- **TO DO**:
Within the lines below, the span from the line with "Picosun Logo RGB, זייס" to the line with "Sportbekleidung Fanbekleidung Trainingsanzug", both ends included, is to be reproduced exactly, with pictures omitted.

- **RAW DATA**:
* * * * *
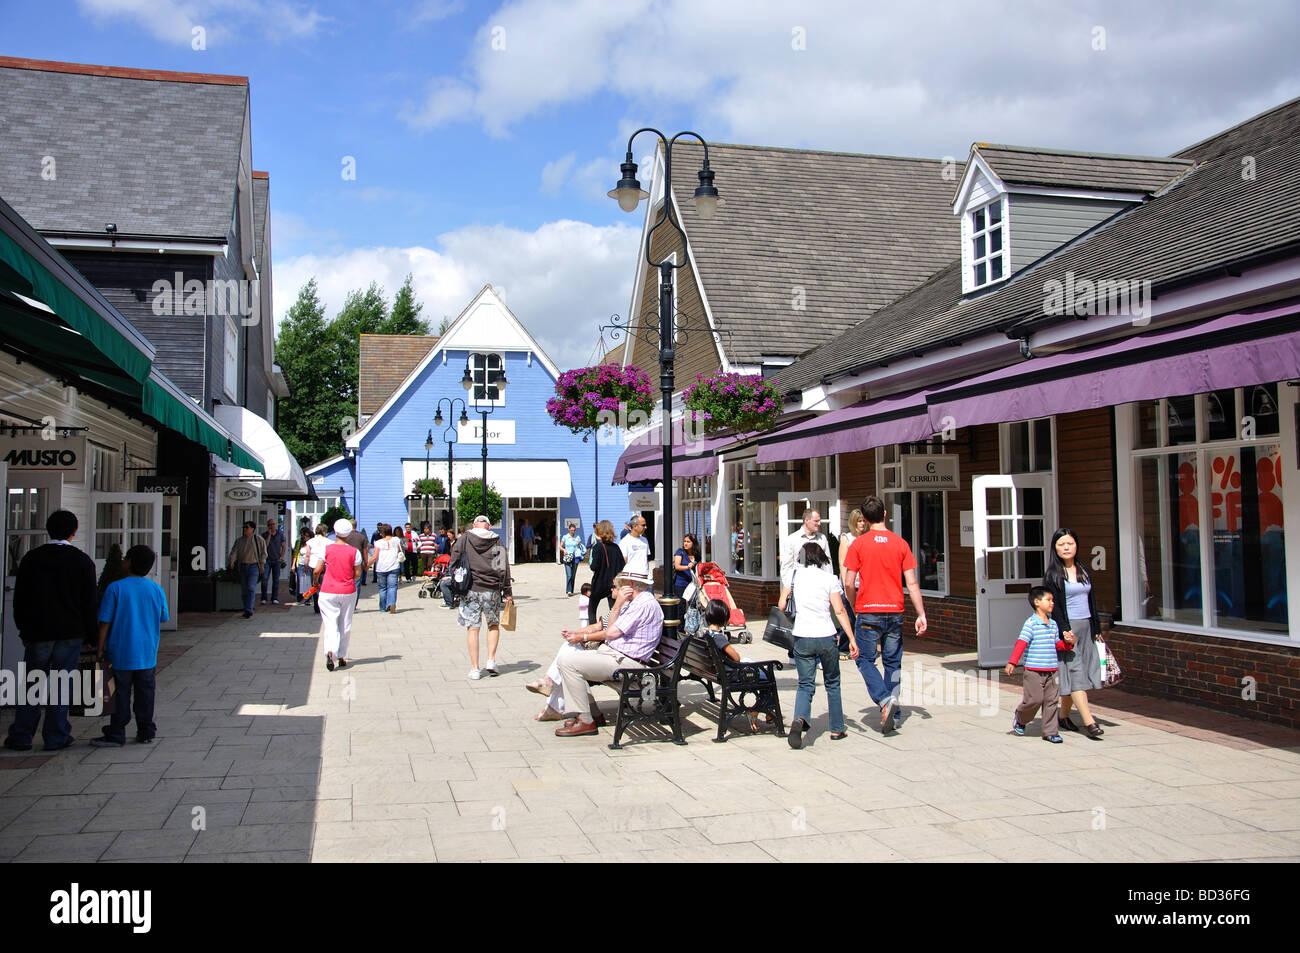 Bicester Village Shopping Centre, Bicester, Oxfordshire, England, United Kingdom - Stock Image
* * * * *
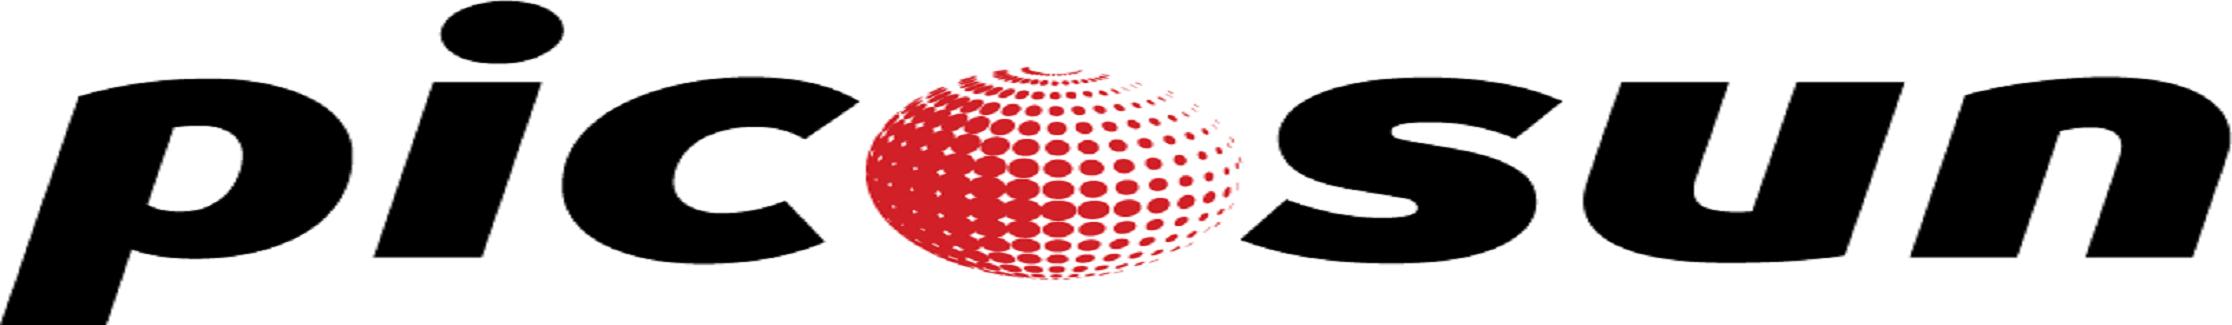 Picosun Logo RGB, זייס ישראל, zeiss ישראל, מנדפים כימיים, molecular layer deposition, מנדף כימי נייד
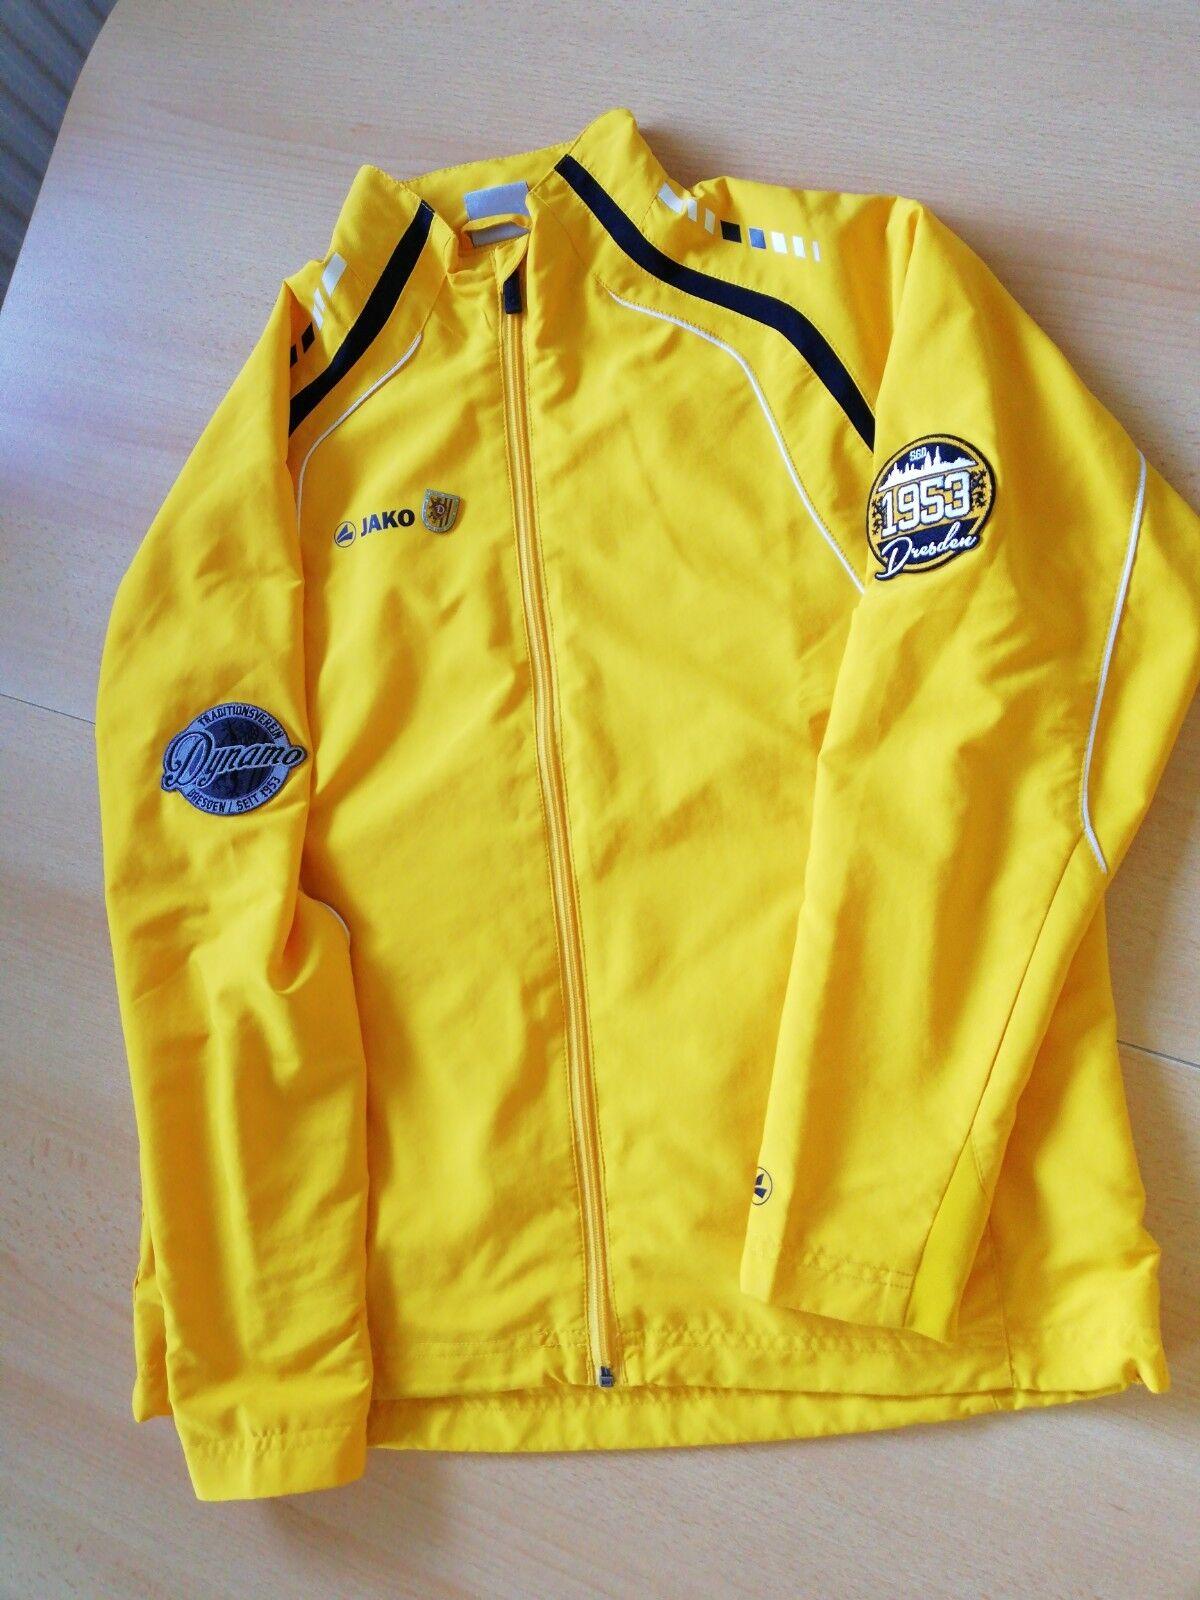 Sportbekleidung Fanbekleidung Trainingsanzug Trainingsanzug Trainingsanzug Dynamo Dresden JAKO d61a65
* * * * *
- **RESPONSE TO THIS EXERCISE**:
 Picosun Logo RGB, זייס ישראל, zeiss ישראל, מנדפים כימיים, molecular layer deposition, מנדף כימי נייד
 Sportbekleidung Fanbekleidung Trainingsanzug Trainingsanzug Trainingsanzug Dynamo Dresden JAKO d61a65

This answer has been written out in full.